Para a produção manuscrita, fui até a casa de cada um levar um kit composto por uma caixa de lápis de cor, canetas hidrocor, lápis de grafite, borracha e um material encadernado com propostas de produção de textos e desenho. Antes de ser entregue, todo o material passou por procedimentos de higienização idênticos aos previstos nos protocolos da cidade para a entrega de atividades escolares. 

Na primeira produção digital, eles escolheram a plataforma/aplicativo que gostariam de produzir e decidiram quem seria o escriba. Depois, compartilhavam a tela do dispositivo digital que utilizavam, permitindo que eu realizasse observações de todo o processo. Na sequência, dialogavam entre eles e produziam o respectivo texto multimodal.

Já na segunda produção digital, o pesquisador foi o escriba e as produções ocorreram exclusivamente na plataforma digital Book Creator. Essa opção ocorreu para que as crianças ficassem mais livres nas escolhas e que não fossem impedidas de usar quaisquer recursos semióticos por conta de alguma dificuldade de habilidade digital. Com base no áudio da história já citada anteriormente, iniciavam a produção e apontavam ao pesquisador cada parte do texto e como deveria ser produzida.

Utilizei várias estratégias para construir um ambiente em que elas pudessem se sentir confortáveis e confiantes para conversar e produzir textos, considerando a especificidade de se realizar pesquisas com crianças. Entre essas, estão: perguntar sobre sua rotina, suas preferências, seus filmes e personagens prediletos; o uso de slides coloridos; jogo da memória para jogarem em tempo real; brincadeiras de descobrir o filme representado por emojis; brincadeira de adivinhar o desenho — fazia desenhos em um quadro interativo e elas tentavam descobrir.

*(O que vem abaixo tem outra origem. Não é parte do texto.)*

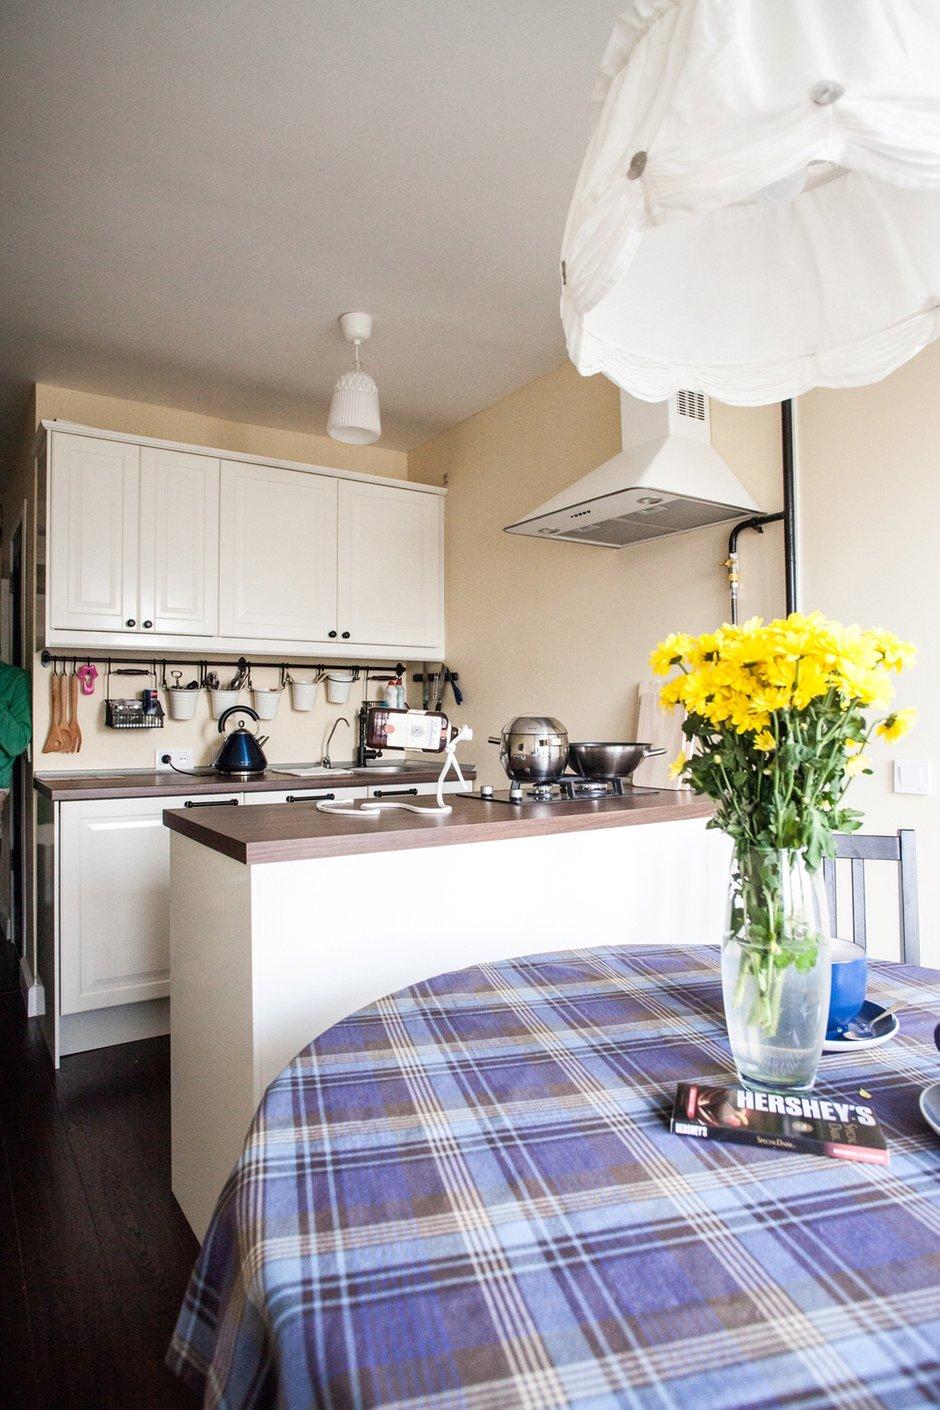 Фотография: Кухня и столовая в стиле Скандинавский, Современный, Малогабаритная квартира, Квартира, Дома и квартиры, IKEA – фото на INMYROOM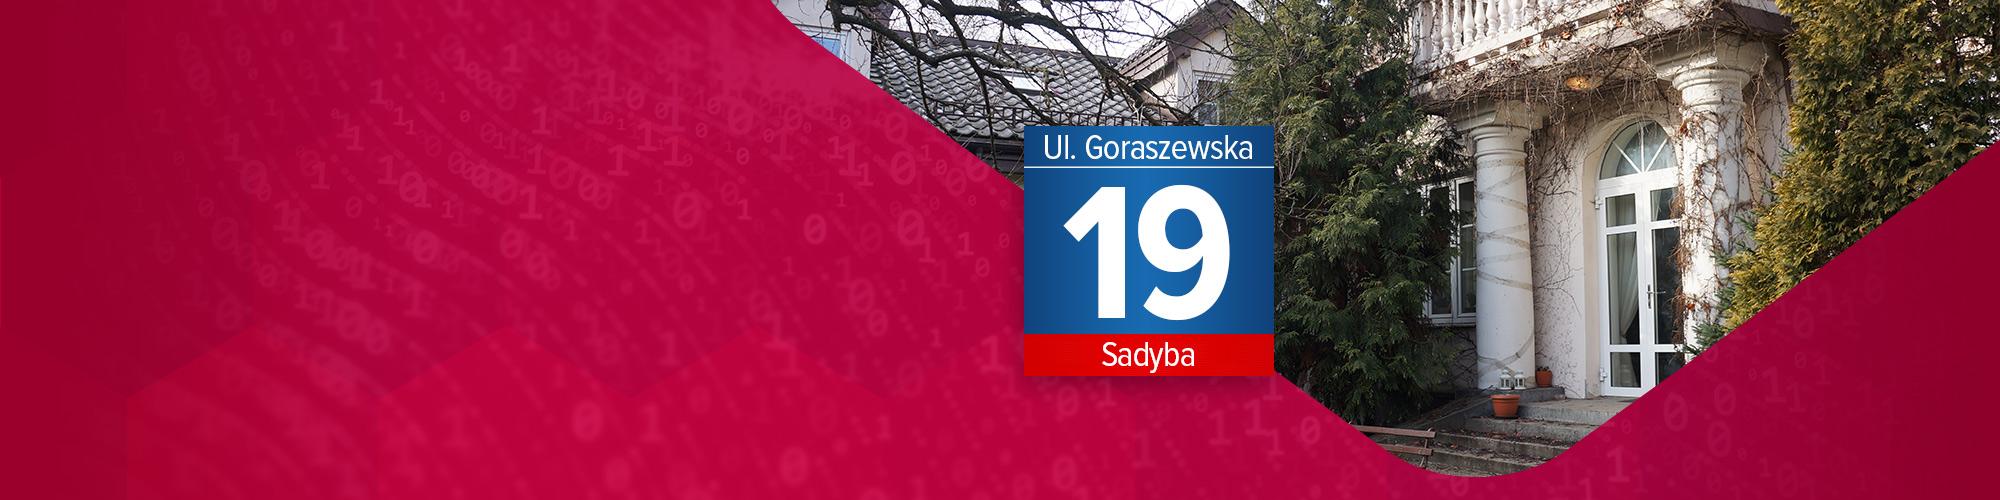 banner_v2_przeprowadzka

Por meio dos desenhos, entrevistas e produções de textos desses meninos e meninas, foi possível comprovar como esses sujeitos participam da vida social e possuem vários conhecimentos. Ficou demonstrado que eles têm uma prática digital ativa, não se limitando a um consumo passivo. A atuação dessas crianças vai além e o interesse passa pelo uso das ferramentas de pesquisa para resolver situações, escolares e não escolares; pesquisas para saber sobre a N.A.S.A; uso de tutoriais do YouTube para aprender sobre como fazer maquiagem e as unhas, bem como aprender a cozinhar e a tocar violino. Também constatei que as crianças são sujeitos atuantes em práticas de produções de textos multimodais, em contexto não escolar, mobilizando a linguagem como forma de expressarem seus gostos e sentimentos, participando de práticas comunicativas reais e não artificiais, ampliando o escopo de sua atuação sobre o mundo. O suporte digital ampliou as práticas de leitura e escrita, conforme conclui a pesquisa.  

Desde o início, meu propósito sempre foi buscar o olhar das crianças, e elas foram, de fato, sujeitos ativos na realização da pesquisa. Os vários desafios encontrados foram superados pela empolgação e força delas. Sentir essa força em um tempo tão sombrio como o da pandemia foi, pessoalmente, muito revigorante.

 

*Mestre em Educação na linha de pesquisa Educação e Linguagem pelo Programa de Pós-Graduação em Educação: Conhecimento e Inclusão Social da Faculdade de Educação da UFMG.